__WORK ITEM__. Print the listing in its entirety and exactly, leaving out images.

__INFORMATION SHOWN__.

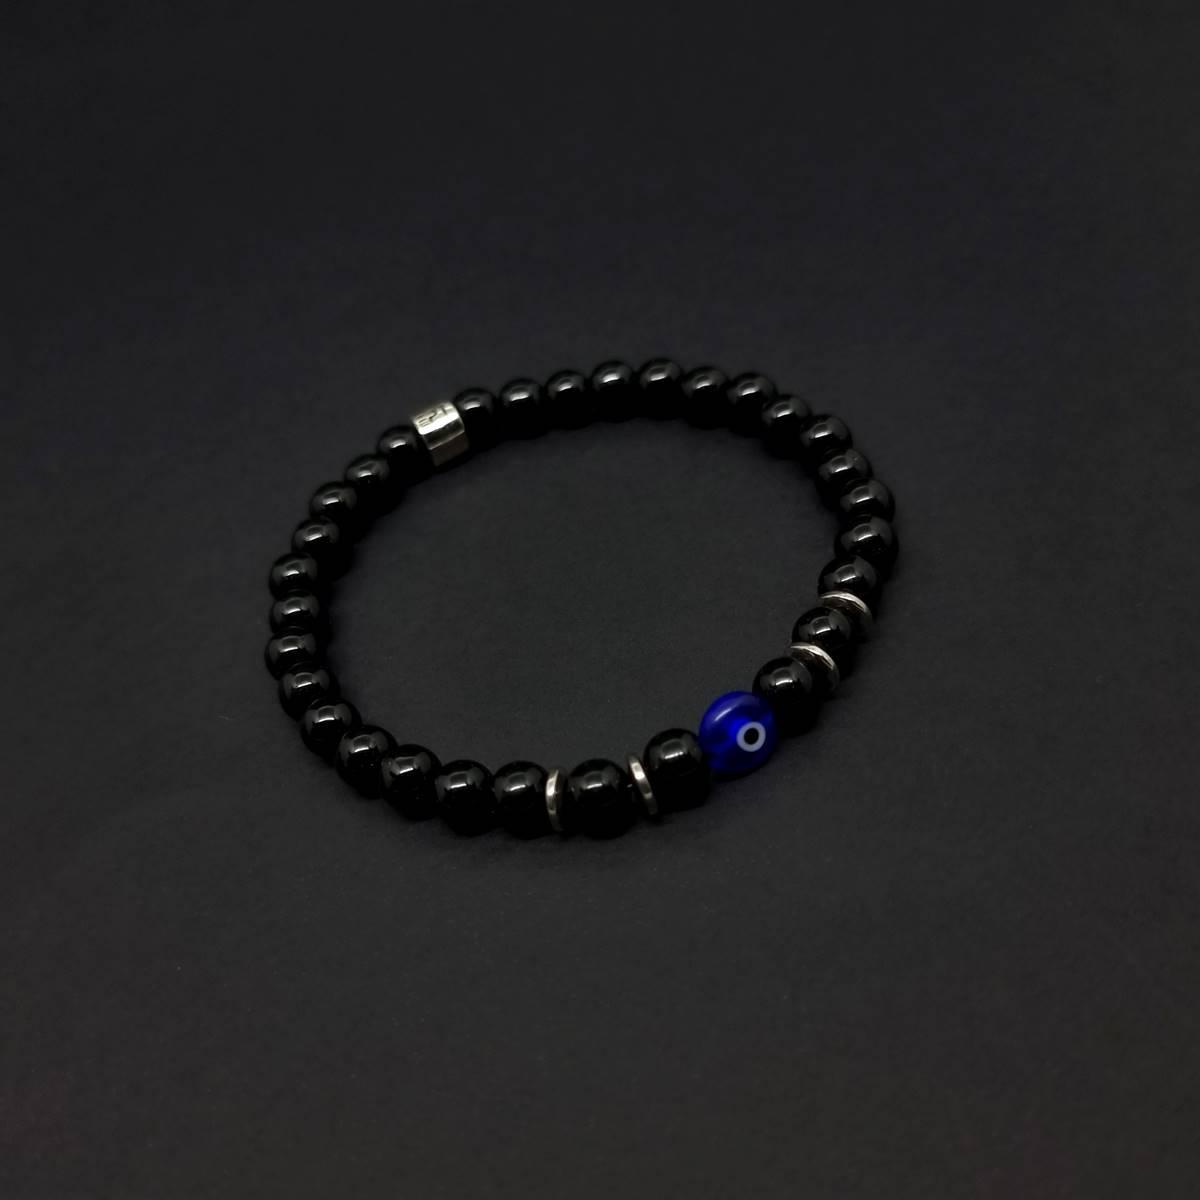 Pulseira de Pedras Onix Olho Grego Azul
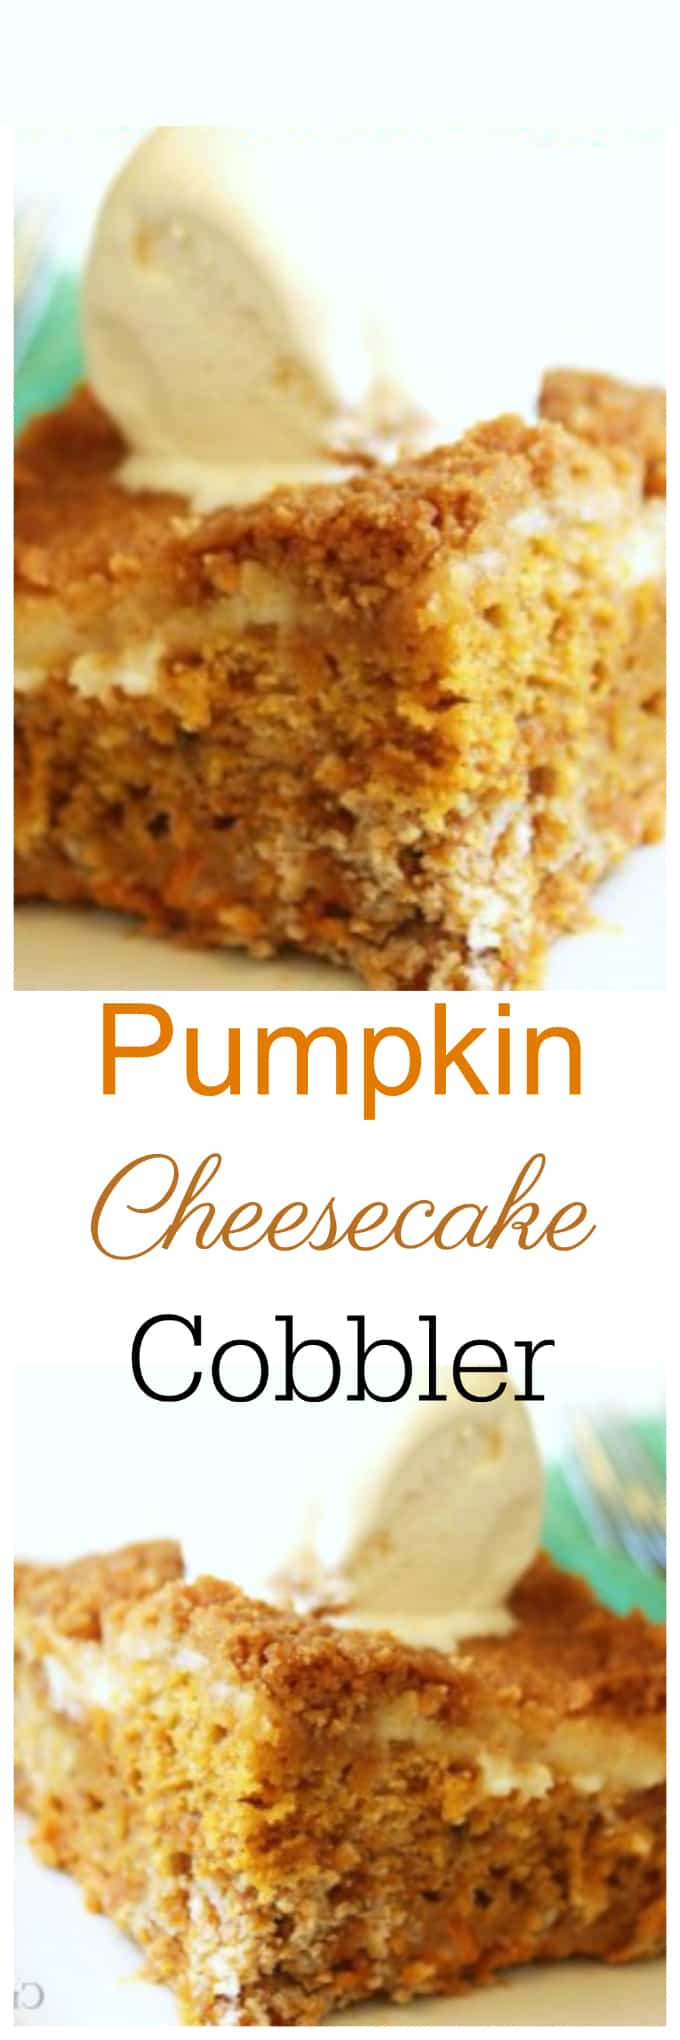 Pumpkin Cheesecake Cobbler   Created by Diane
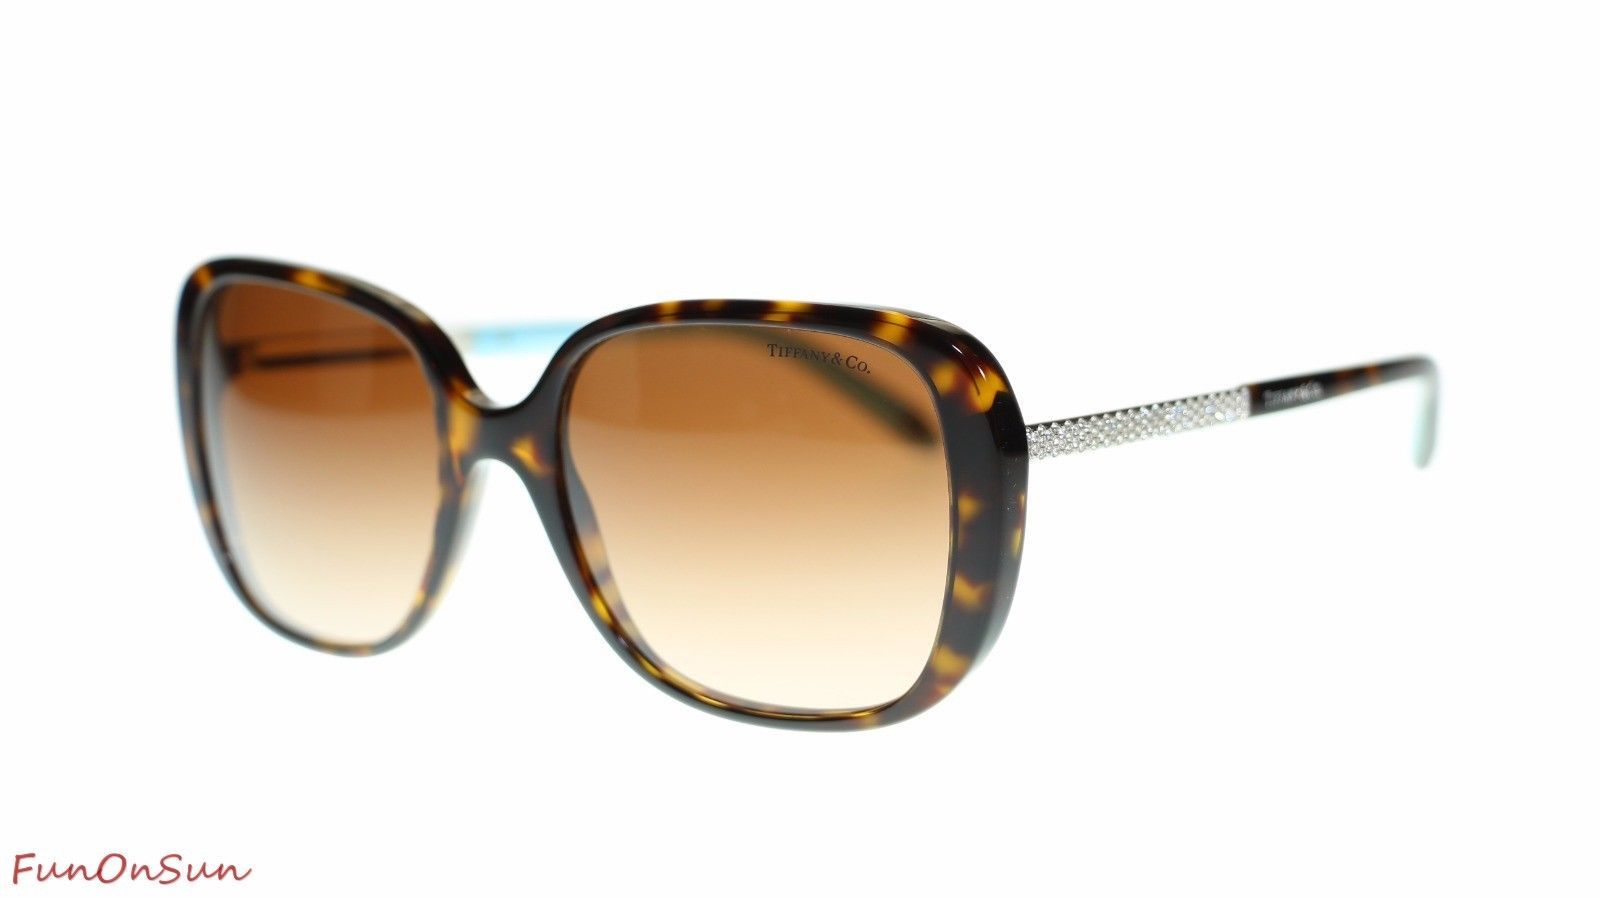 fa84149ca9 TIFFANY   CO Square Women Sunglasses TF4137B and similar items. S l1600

__RESPONSE__.
 Pulseira de Pedras Onix Olho Grego Azul
 Pumpkin Cheesecake Cobbler   Created by Diane
 fa84149ca9 TIFFANY   CO Square Women Sunglasses TF4137B and similar items. S l1600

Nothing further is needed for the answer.